:: WHAT TO WORK ON ::
Among the entries below, please repeat exactly and only the lines from the line containing "Frank Ocean: Those" to the line containing "Chelsea Mascot Is", both lines included.

:: DATASET ::

*** Begin section ***

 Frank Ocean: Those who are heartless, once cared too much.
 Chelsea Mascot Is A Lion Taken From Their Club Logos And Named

*** End section ***
*** Begin section ***

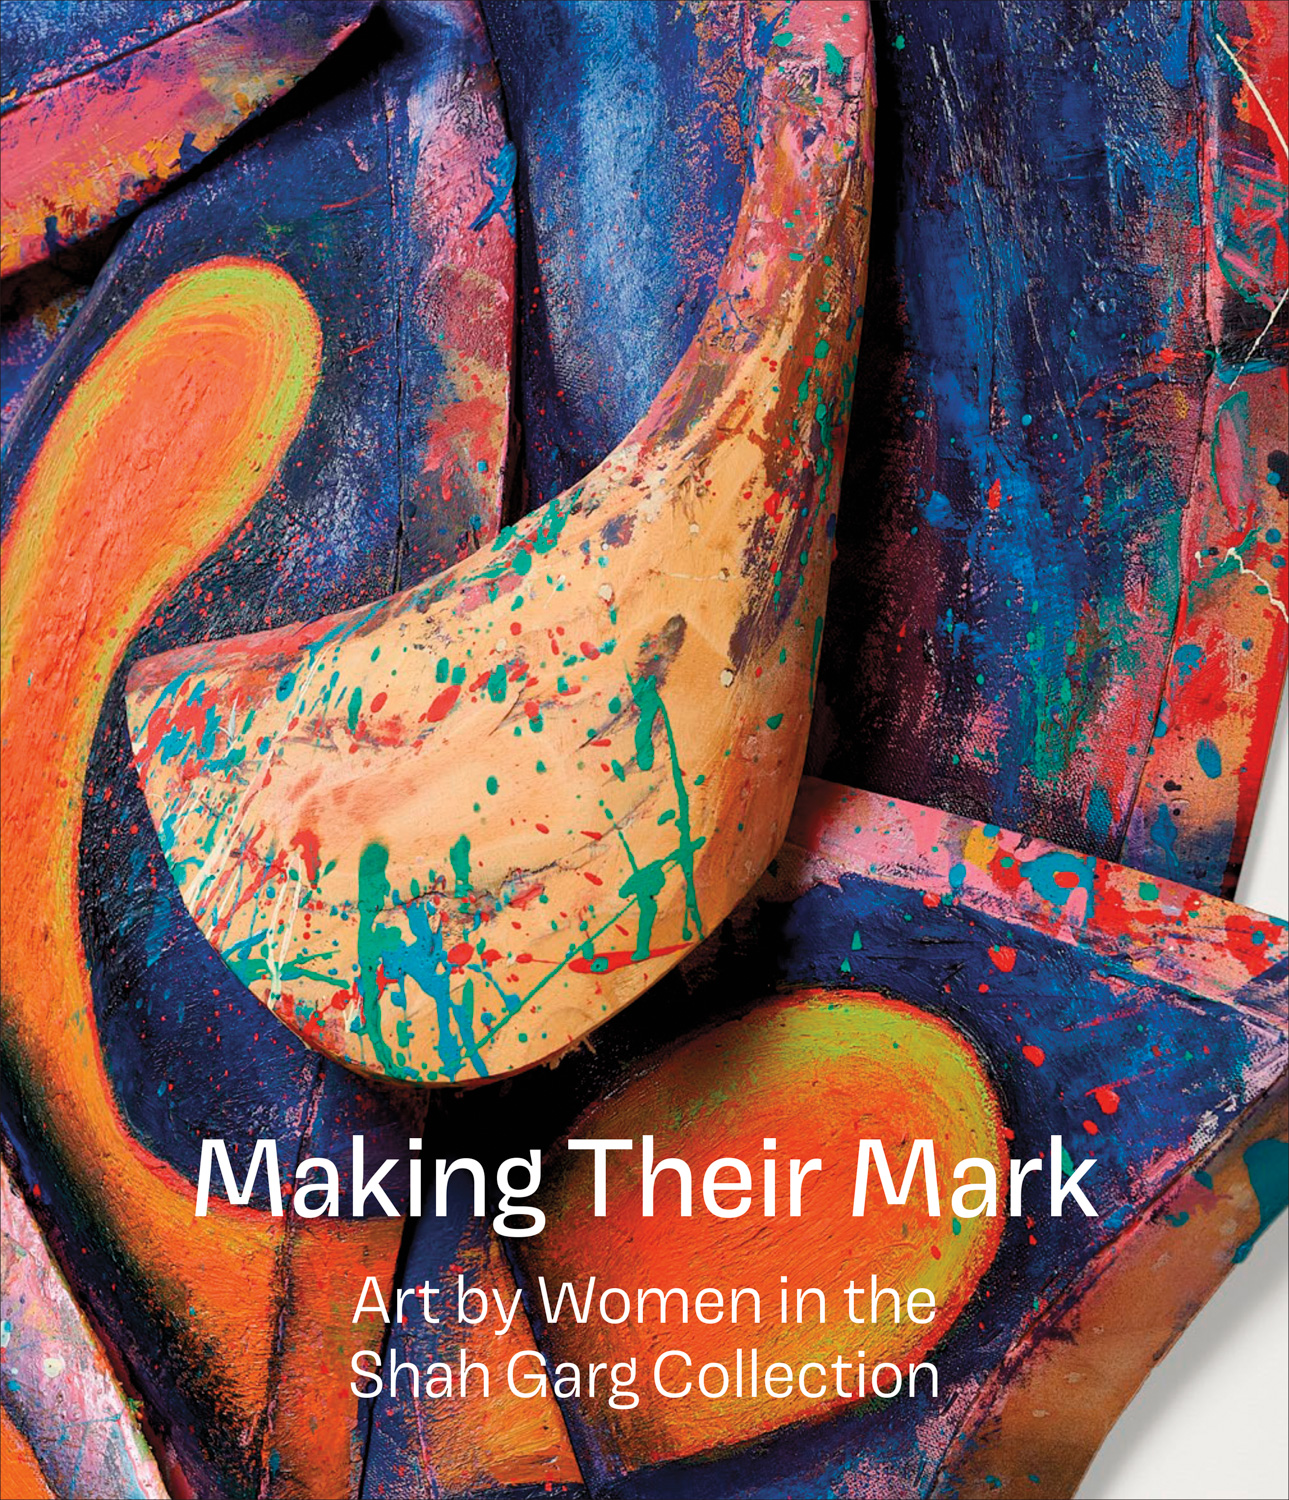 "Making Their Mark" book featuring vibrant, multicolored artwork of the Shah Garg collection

*** End section ***

:: ANSWER BELOW ::
 Frank Ocean: Those who are heartless, once cared too much.
 Chelsea Mascot Is A Lion Taken From Their Club Logos And Named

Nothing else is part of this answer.